» WHAT YOU HAVE TO DO
The listing below is to be given again in full and word for word, without its images.

» AVAILABLE DATA
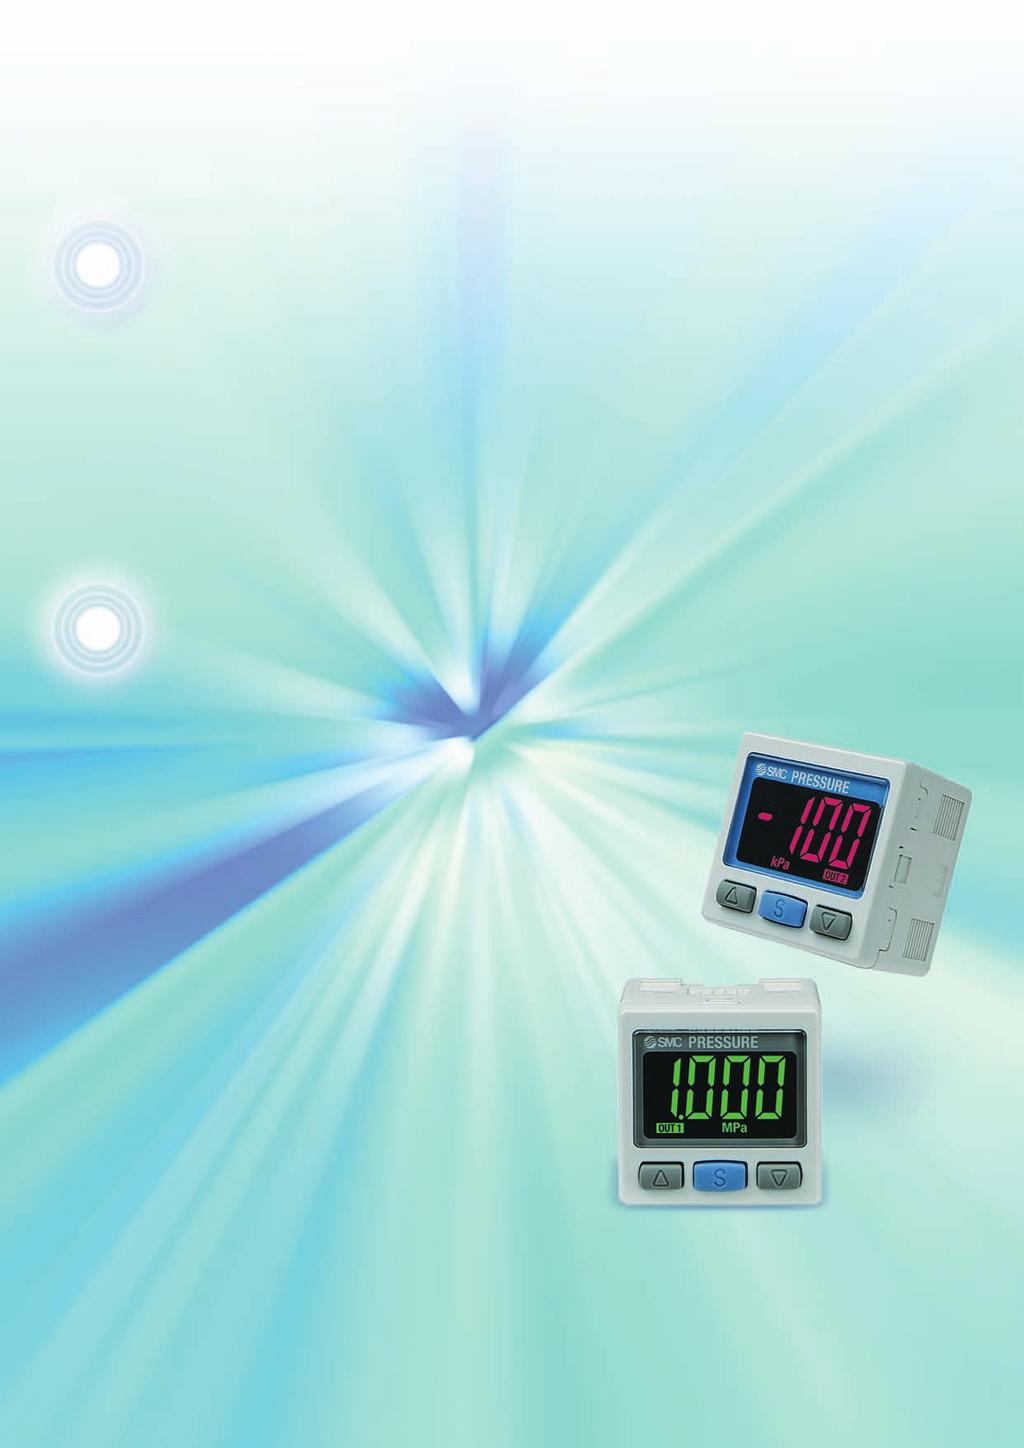 2-Color Display High-Precision Digital Pressure Switch Settings can be copied to up to 1 slave sensors at once. The settings of the master sensor can be copied to the slave sensors.
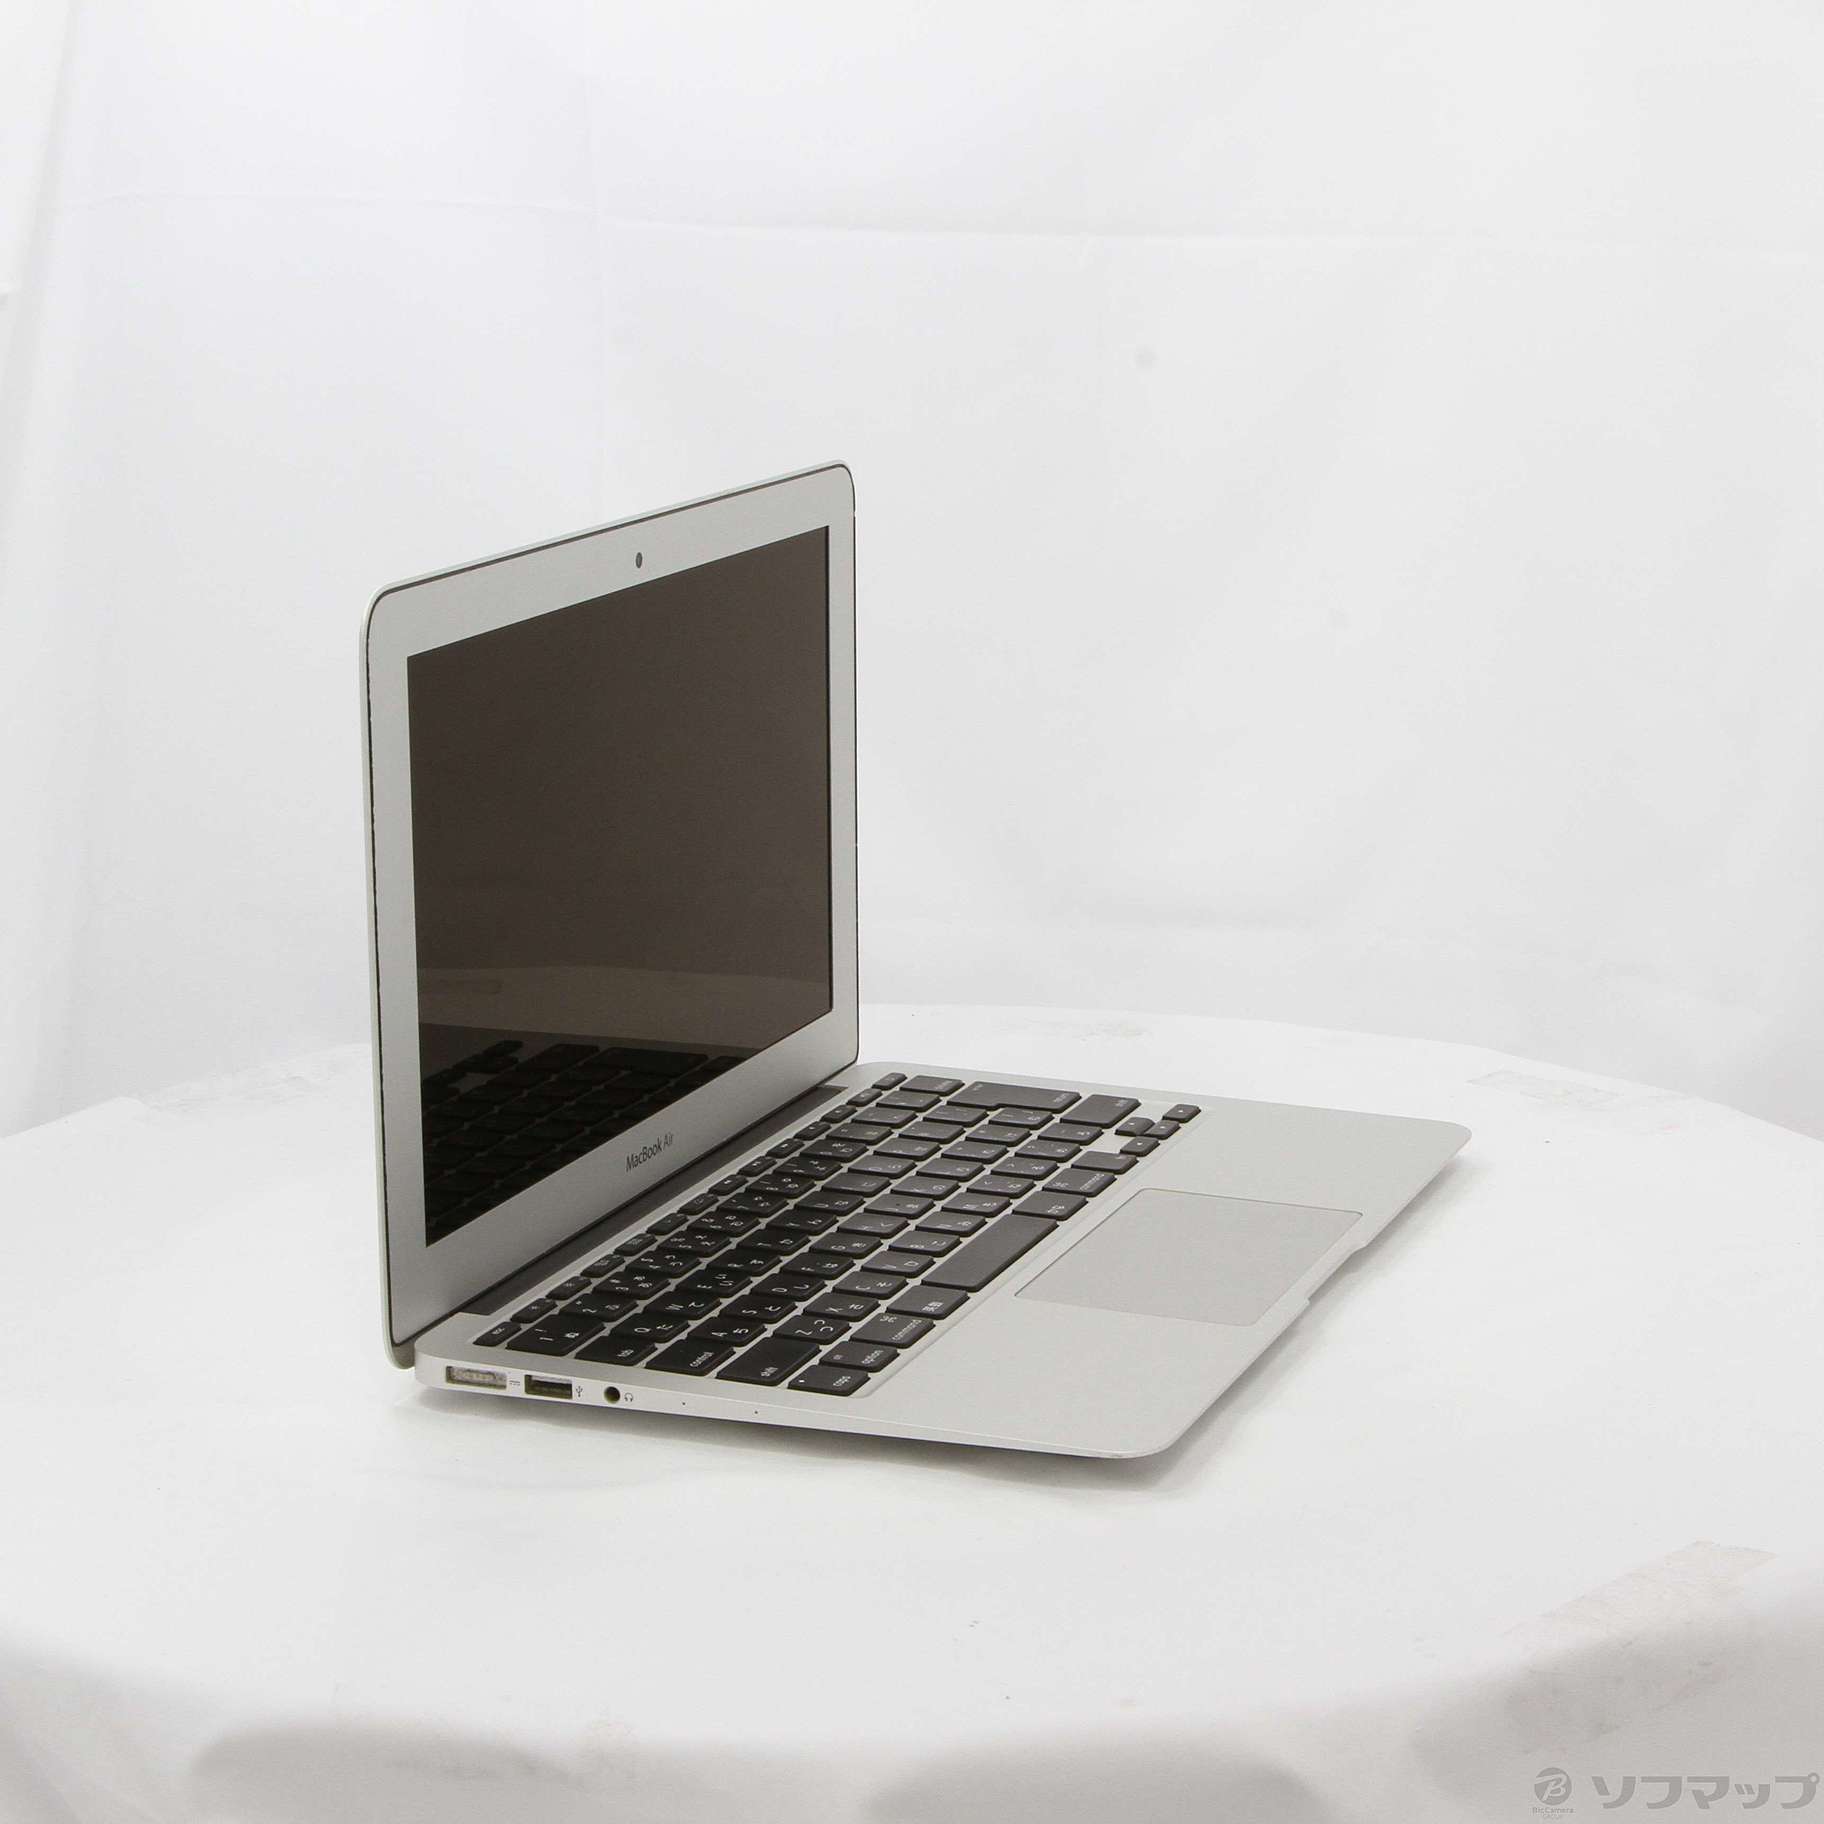 MacBook Air 11.6-inch Mid 2013 MD711J／A Core_i5 1.3GHz 4GB SSD128GB 〔10.8  MountainLion〕 ◇04/01(木)値下げ！
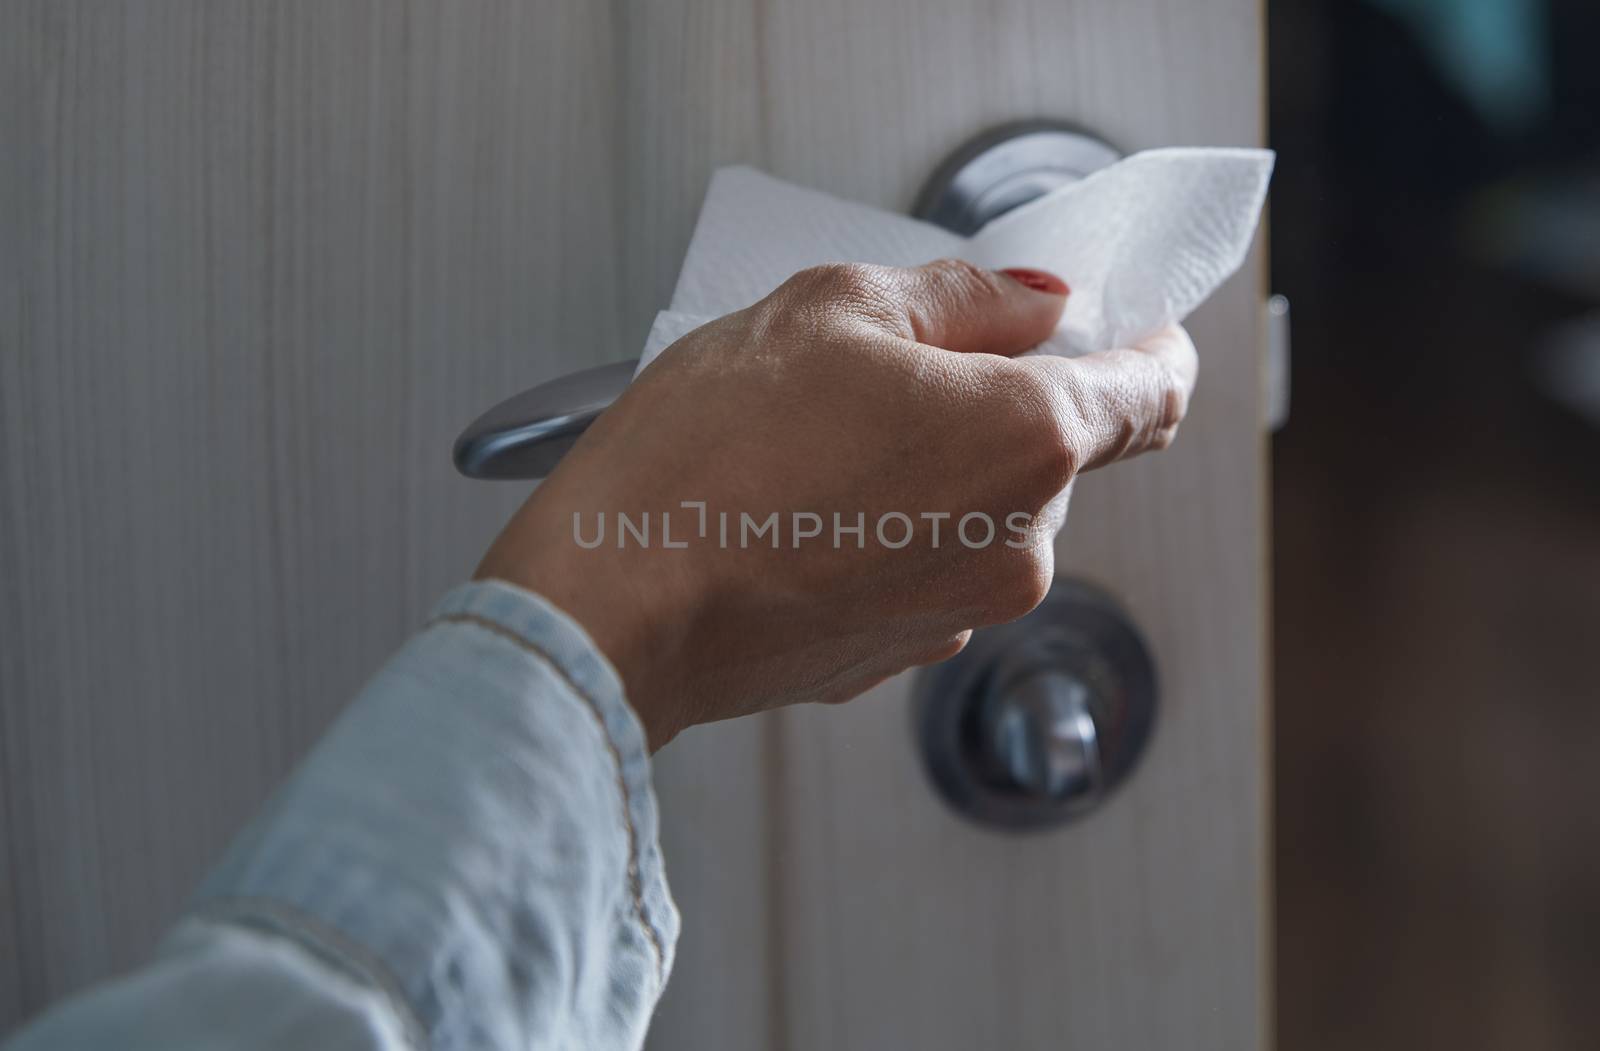 Woman cleaning the door handle with disinfecting wipe by Novic

» EXERCISE OUTPUT
 2-Color Display High-Precision Digital Pressure Switch Settings can be copied to up to 1 slave sensors at once. The settings of the master sensor can be copied to the slave sensors.
 MacBook Air 11.6-inch Mid 2013 MD711J／A Core_i5 1.3GHz 4GB SSD128GB 〔10.8  MountainLion〕 ◇04/01(木)値下げ！
 Woman cleaning the door handle with disinfecting wipe by Novic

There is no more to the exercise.